> _ACTION ITEM_:
The entries that follow include a run beginning at the line with "pav bhaji with" and ending at the line with "Regilla ⚜ Sophia"; restate that run word for word and leave the rest out.

> _EXERCISE INPUT_:
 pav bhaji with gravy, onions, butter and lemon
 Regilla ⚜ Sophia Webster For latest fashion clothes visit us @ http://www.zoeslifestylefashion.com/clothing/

---

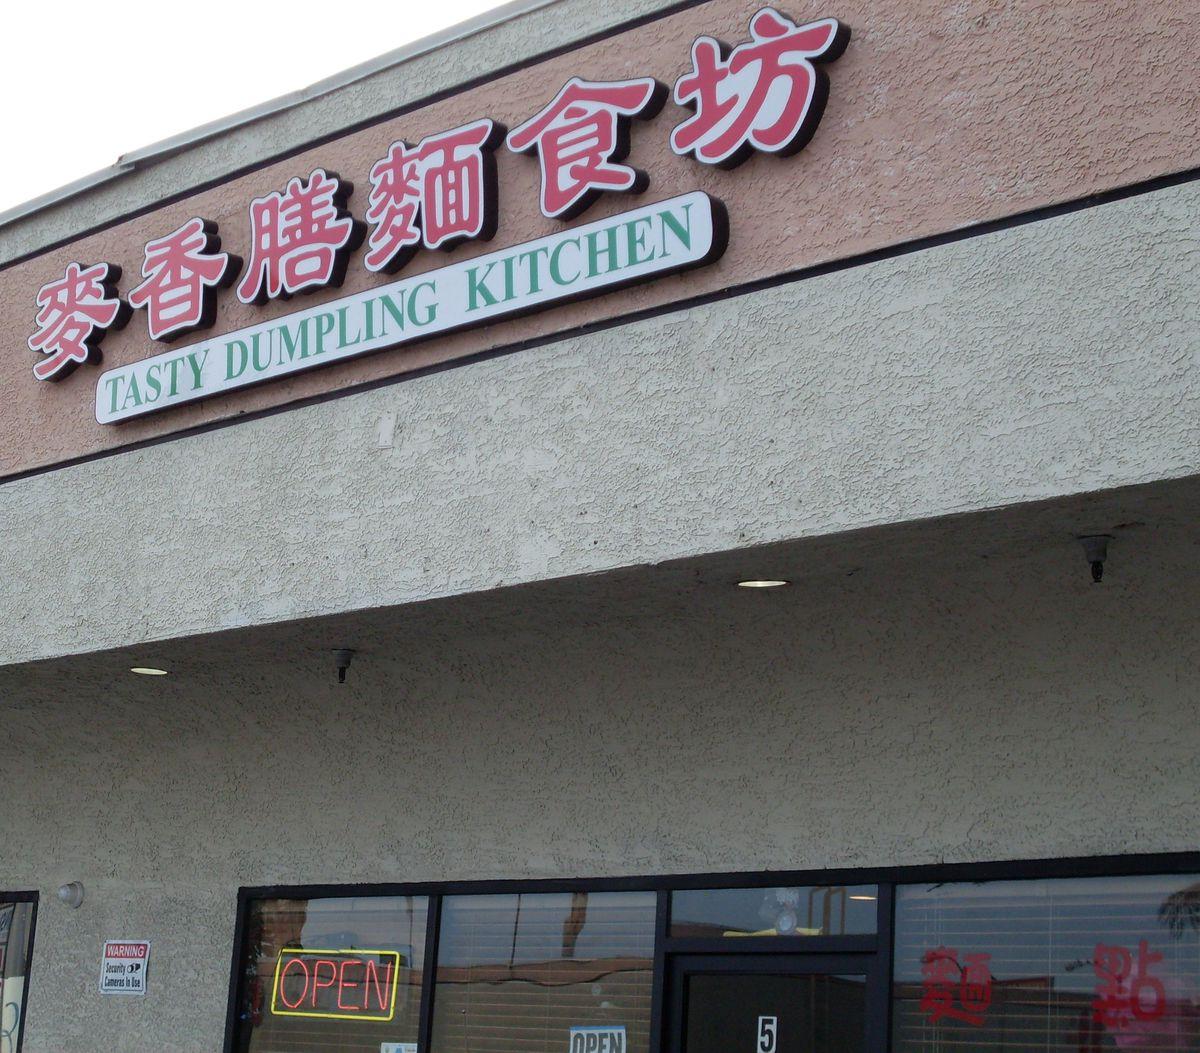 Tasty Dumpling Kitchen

==

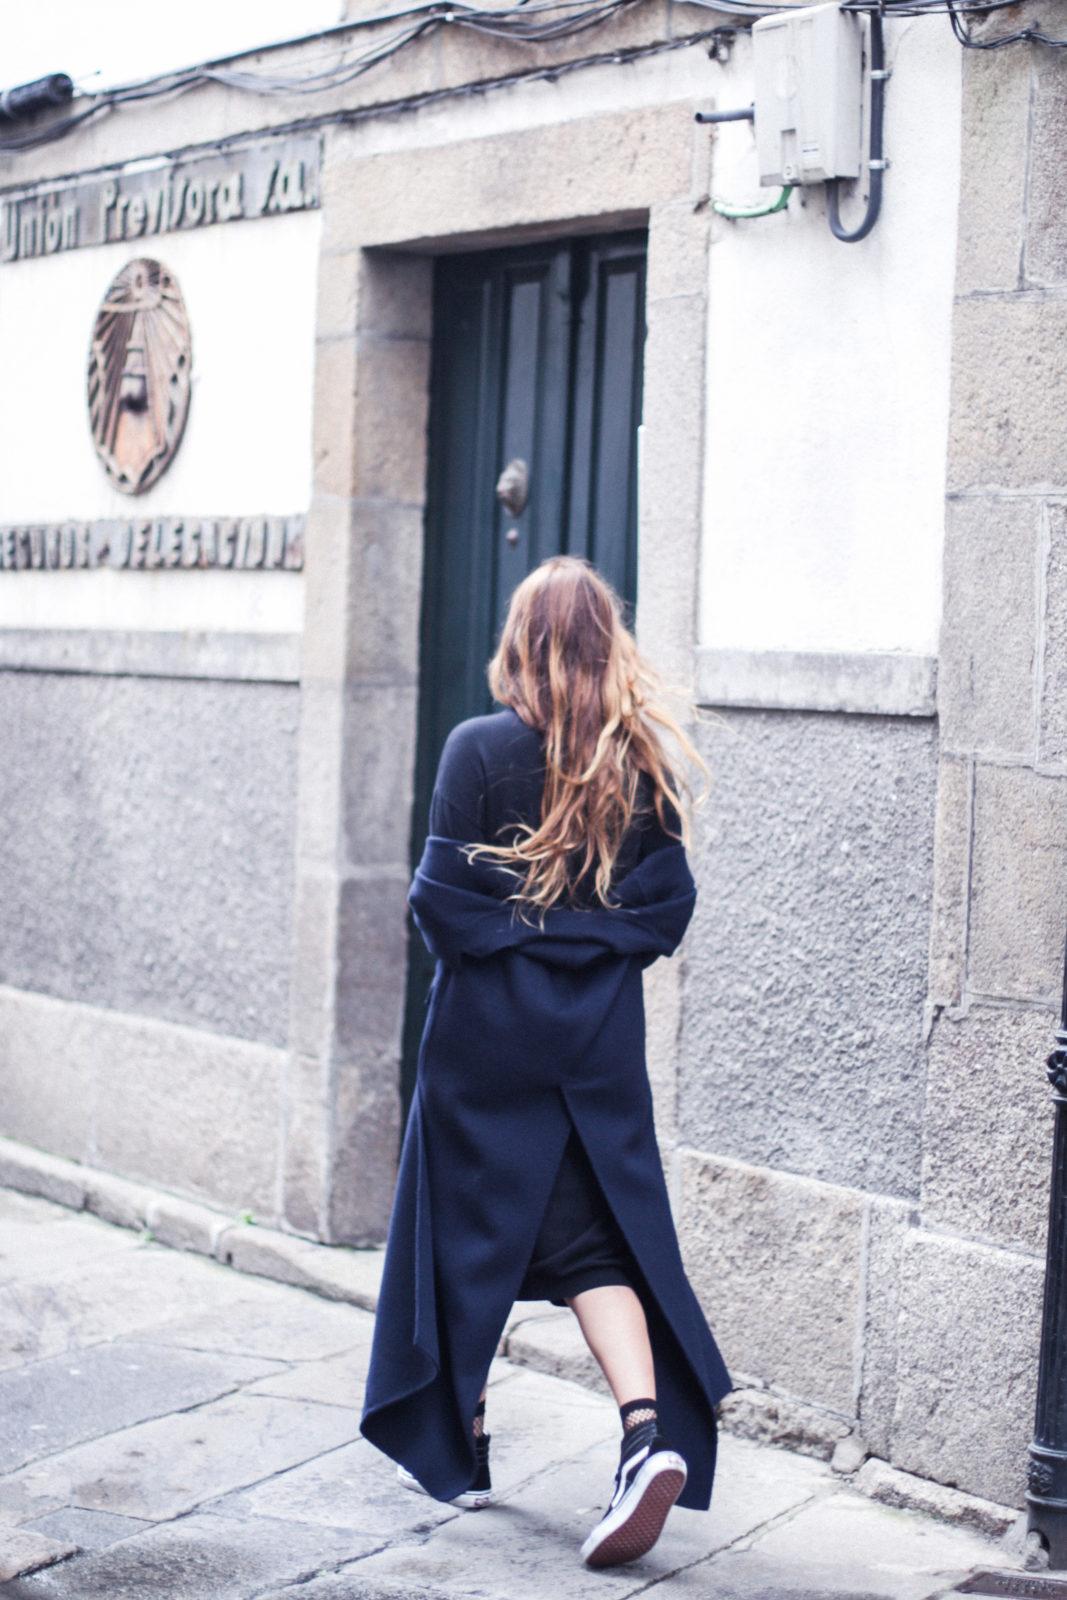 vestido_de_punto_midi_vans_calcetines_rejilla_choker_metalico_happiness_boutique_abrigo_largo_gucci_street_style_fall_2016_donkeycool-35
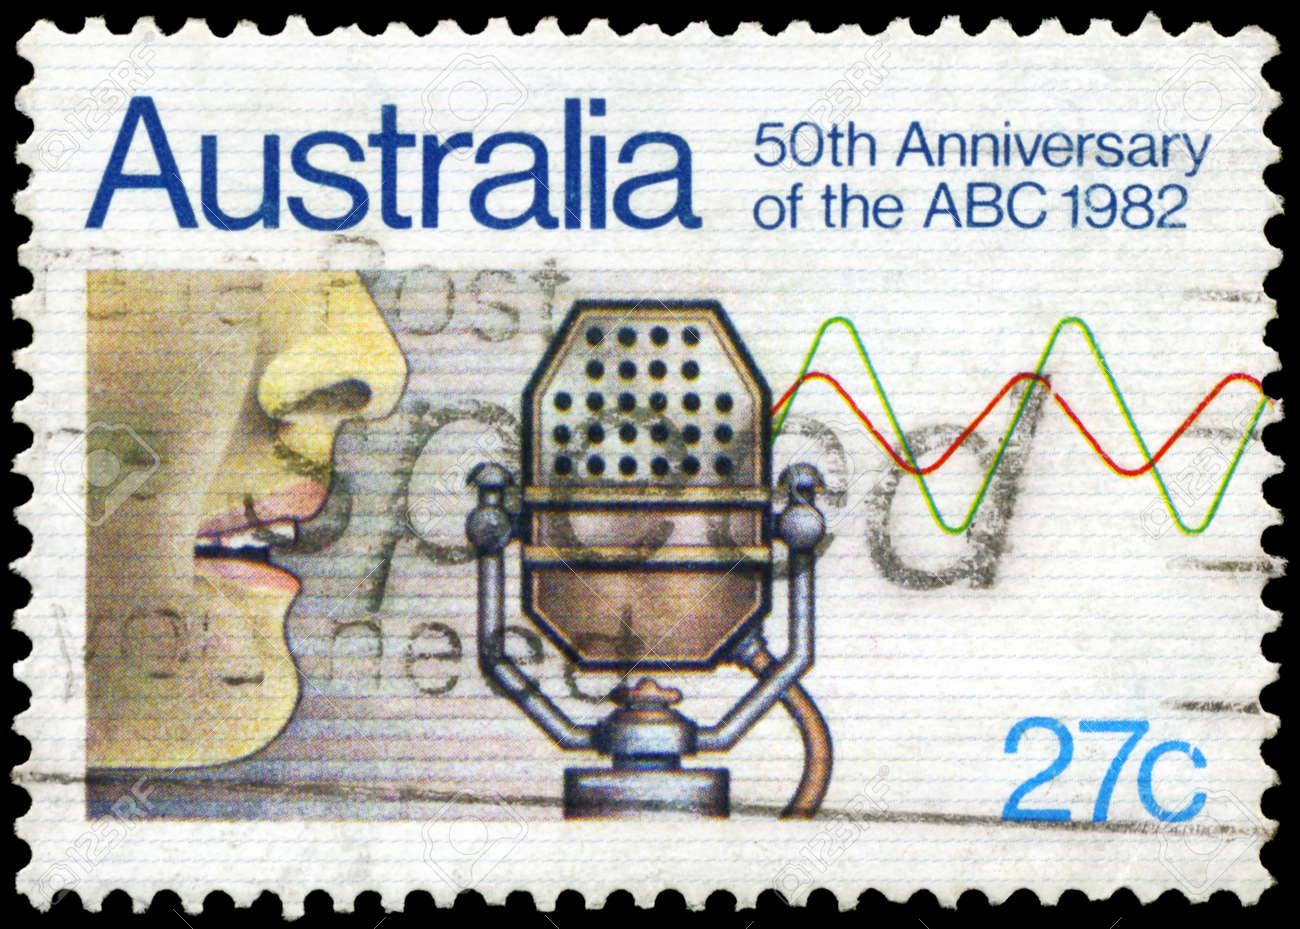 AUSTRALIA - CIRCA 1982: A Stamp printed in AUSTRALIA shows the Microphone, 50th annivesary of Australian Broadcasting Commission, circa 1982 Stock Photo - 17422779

> _TASK RESPONSE_:
 pav bhaji with gravy, onions, butter and lemon
 Regilla ⚜ Sophia Webster For latest fashion clothes visit us @ http://www.zoeslifestylefashion.com/clothing/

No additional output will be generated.